When people want to show me the results of their benchmarks, I typically am reminded of a quote, "There are three kinds of lies: lies, damned lies, and statistics." that is often is attributed to either Benjamin Disraeli or Mark Twain. Had the author known about them, benchmarks would have most certainly been added to the list.
Regardless of who is actually responsible for that statement, it is often true that suppliers use and abuse benchmarks in the hopes of winning over potential customers even when the benchmark has little or nothing to do with the customer's proposed use of systems. Why do suppliers do this? It is because it is very difficult to know ahead of time how a cluster or grid computing solution is going to really perform until a specific workload is installed and used in real life.

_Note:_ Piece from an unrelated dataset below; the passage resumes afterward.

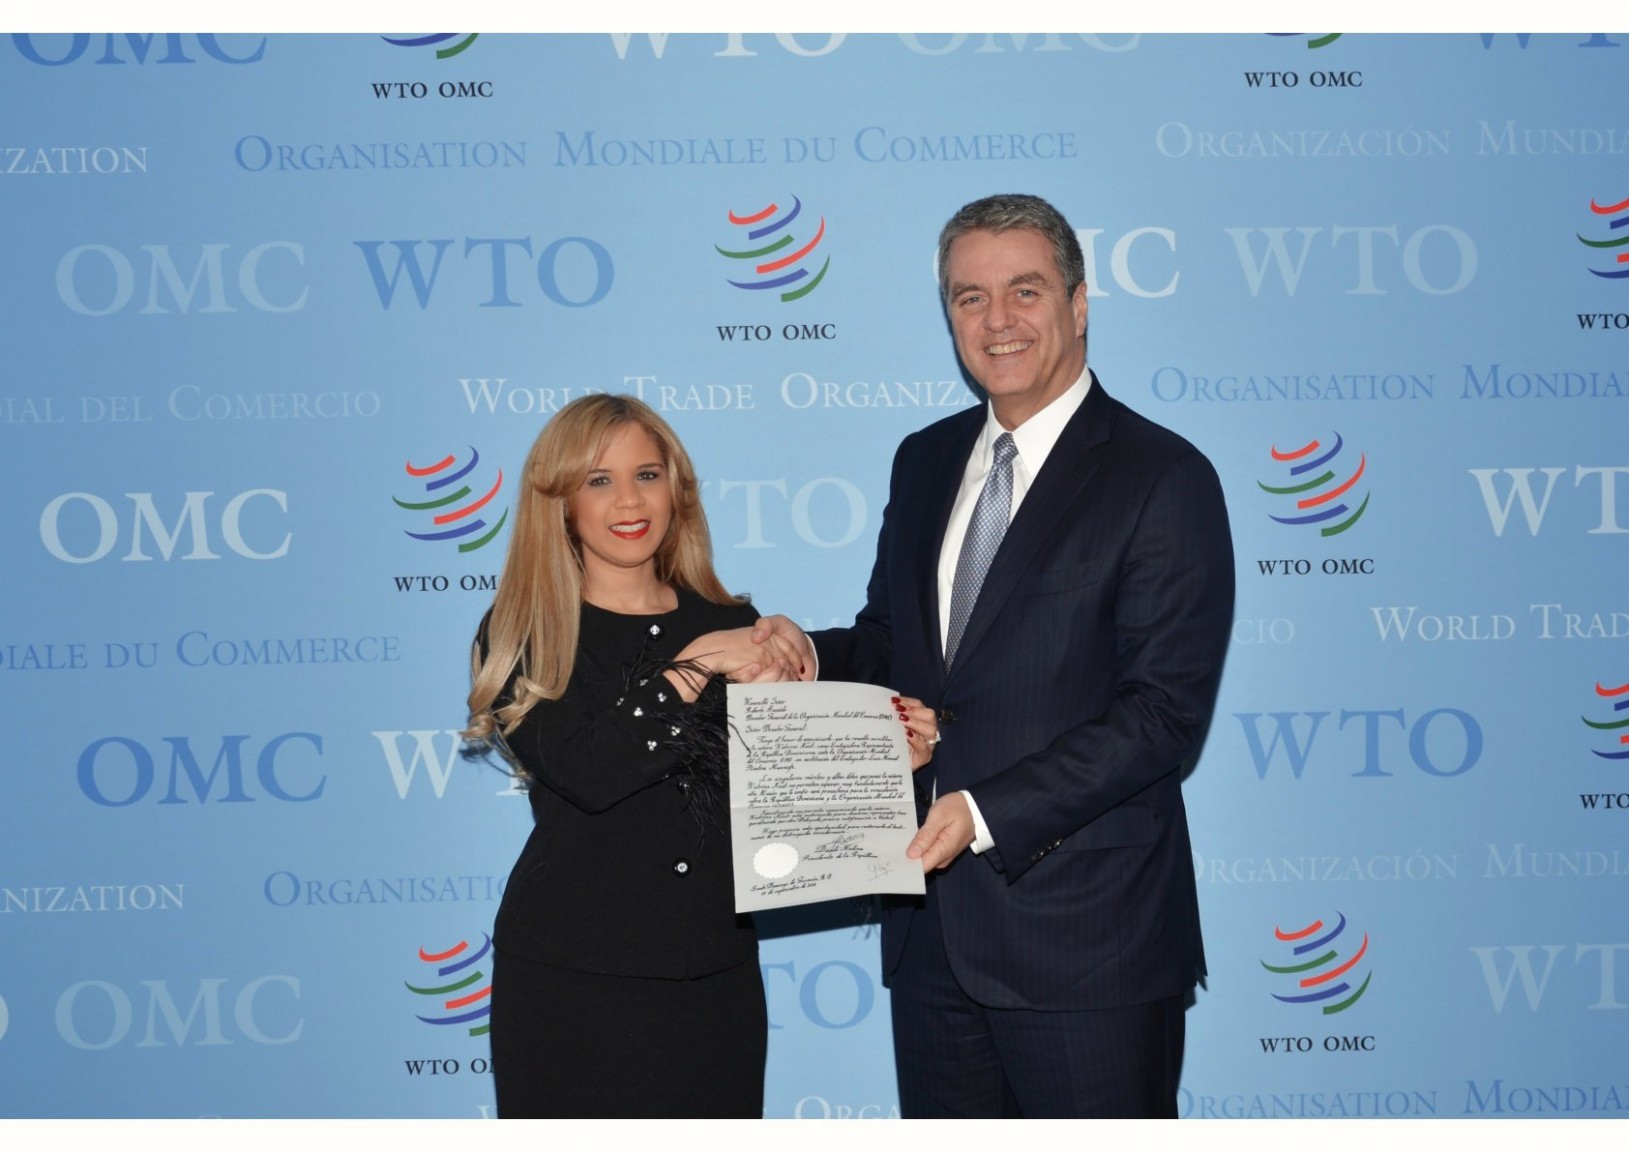 REPÚBLICA DOMINICANA: Embajadora Katrina Naut presenta cartas credenciales ante director general Organización Mundial del Comercio

Since suppliers aren't in the business of giving complex, expensive computing solutions away, they try to demonstrate what a somewhat similar workload can be made to do on a specific configuration. The benchmarks IBM cited are designed largely to show how certain types of cluster or grid-based computing solutions will perform.
Will a customer see the same or similar performance running their own applications is a key question. The answer, of course is, "it depends." Very similar workloads that are running on very similar system configurations that have been set up by people having very similar expertise to the IBM folks are likely to see very similar performance. Workloads that are quite different, that are running on configurations that are quite different and were configured by people having quite different levels of expertise are likely to perform differently.
What attracted my attention was the enormous performance improvements offered by inserting IBM Platform Symphony or LSF into an environment when both the software being tested and the system configurations were identical. While I wasn't totally surprised by the results as I've been following Platform Computing for nearly two decades, the results were impressive.
The point IBM is trying to make that using an intelligent orchestration tool that is designed to manage the efforts of thousands of systems can make a big different in performance, efficiency and reduced costs appears to be well supported by the benchmark results. I have to wonder, however, if similar results could be achieved by using other orchestration software, such as the well-known beowulf project. Since that type of configuration wasn't tested, we don't know the answer to that question.
If your organization is involved in technical computing, high performance computing or Big Data, it would be wise to look into what IBM did to learn more about how to improve both the performance and efficiency of your operation. Furthermore, you are likely to discover that you can accomplish the same things using a much smaller system configuration when a low latency orchestration tool like Symphony is optimizing resource usage.